◆ Recorded data ◆
============================================================

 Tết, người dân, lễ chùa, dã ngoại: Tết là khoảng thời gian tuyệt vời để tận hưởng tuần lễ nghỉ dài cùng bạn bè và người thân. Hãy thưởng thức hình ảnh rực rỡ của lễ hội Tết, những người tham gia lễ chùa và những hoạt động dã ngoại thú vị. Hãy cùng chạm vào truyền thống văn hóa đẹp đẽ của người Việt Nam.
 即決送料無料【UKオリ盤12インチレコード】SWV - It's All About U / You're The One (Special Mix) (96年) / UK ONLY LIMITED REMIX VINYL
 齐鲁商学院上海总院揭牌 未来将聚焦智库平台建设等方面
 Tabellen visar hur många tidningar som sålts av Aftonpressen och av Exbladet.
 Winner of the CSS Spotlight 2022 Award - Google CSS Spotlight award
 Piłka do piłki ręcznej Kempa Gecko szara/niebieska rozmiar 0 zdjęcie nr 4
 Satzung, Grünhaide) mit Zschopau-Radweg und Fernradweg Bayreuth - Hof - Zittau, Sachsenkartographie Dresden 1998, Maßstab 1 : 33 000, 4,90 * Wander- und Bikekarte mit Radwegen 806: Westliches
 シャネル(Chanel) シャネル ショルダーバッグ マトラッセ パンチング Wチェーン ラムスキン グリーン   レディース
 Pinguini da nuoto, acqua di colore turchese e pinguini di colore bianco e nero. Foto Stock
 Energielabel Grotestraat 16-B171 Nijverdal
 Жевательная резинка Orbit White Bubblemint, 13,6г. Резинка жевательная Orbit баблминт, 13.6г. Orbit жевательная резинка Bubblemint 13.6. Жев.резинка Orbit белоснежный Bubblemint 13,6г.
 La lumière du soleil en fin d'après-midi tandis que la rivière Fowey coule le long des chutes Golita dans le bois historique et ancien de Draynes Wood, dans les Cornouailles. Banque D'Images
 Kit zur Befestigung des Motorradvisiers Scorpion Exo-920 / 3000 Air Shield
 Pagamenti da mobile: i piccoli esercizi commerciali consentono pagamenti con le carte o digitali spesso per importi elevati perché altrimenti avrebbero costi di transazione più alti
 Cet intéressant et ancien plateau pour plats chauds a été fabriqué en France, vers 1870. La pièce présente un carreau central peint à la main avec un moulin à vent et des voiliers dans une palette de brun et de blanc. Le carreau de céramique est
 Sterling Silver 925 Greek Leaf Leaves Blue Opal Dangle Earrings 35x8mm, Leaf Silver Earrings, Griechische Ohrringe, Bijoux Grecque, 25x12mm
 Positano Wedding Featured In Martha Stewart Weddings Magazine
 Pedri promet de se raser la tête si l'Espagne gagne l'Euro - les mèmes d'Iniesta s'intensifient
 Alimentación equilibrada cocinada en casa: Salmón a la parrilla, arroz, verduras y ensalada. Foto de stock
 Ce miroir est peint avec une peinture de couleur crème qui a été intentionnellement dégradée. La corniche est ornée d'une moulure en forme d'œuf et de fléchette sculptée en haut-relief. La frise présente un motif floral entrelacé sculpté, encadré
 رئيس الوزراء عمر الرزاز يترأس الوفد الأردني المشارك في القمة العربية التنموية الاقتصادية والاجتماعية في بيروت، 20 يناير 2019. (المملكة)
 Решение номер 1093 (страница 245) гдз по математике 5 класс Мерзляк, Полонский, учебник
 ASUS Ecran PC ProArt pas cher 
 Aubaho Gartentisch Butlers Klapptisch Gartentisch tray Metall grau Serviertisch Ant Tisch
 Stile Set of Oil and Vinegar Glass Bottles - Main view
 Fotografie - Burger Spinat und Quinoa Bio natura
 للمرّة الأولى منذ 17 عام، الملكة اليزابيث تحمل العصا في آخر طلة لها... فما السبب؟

============================================================

◆ What the exercise asks ◆
Look above for the line that contains "Piłka do piłki". Starting there, transcribe every line exactly until you have copied the line that contains "Energielabel Grotestraat 16-B171 Nijverdal".

◆ Answer for the task ◆
 Piłka do piłki ręcznej Kempa Gecko szara/niebieska rozmiar 0 zdjęcie nr 4
 Satzung, Grünhaide) mit Zschopau-Radweg und Fernradweg Bayreuth - Hof - Zittau, Sachsenkartographie Dresden 1998, Maßstab 1 : 33 000, 4,90 * Wander- und Bikekarte mit Radwegen 806: Westliches
 シャネル(Chanel) シャネル ショルダーバッグ マトラッセ パンチング Wチェーン ラムスキン グリーン   レディース
 Pinguini da nuoto, acqua di colore turchese e pinguini di colore bianco e nero. Foto Stock
 Energielabel Grotestraat 16-B171 Nijverdal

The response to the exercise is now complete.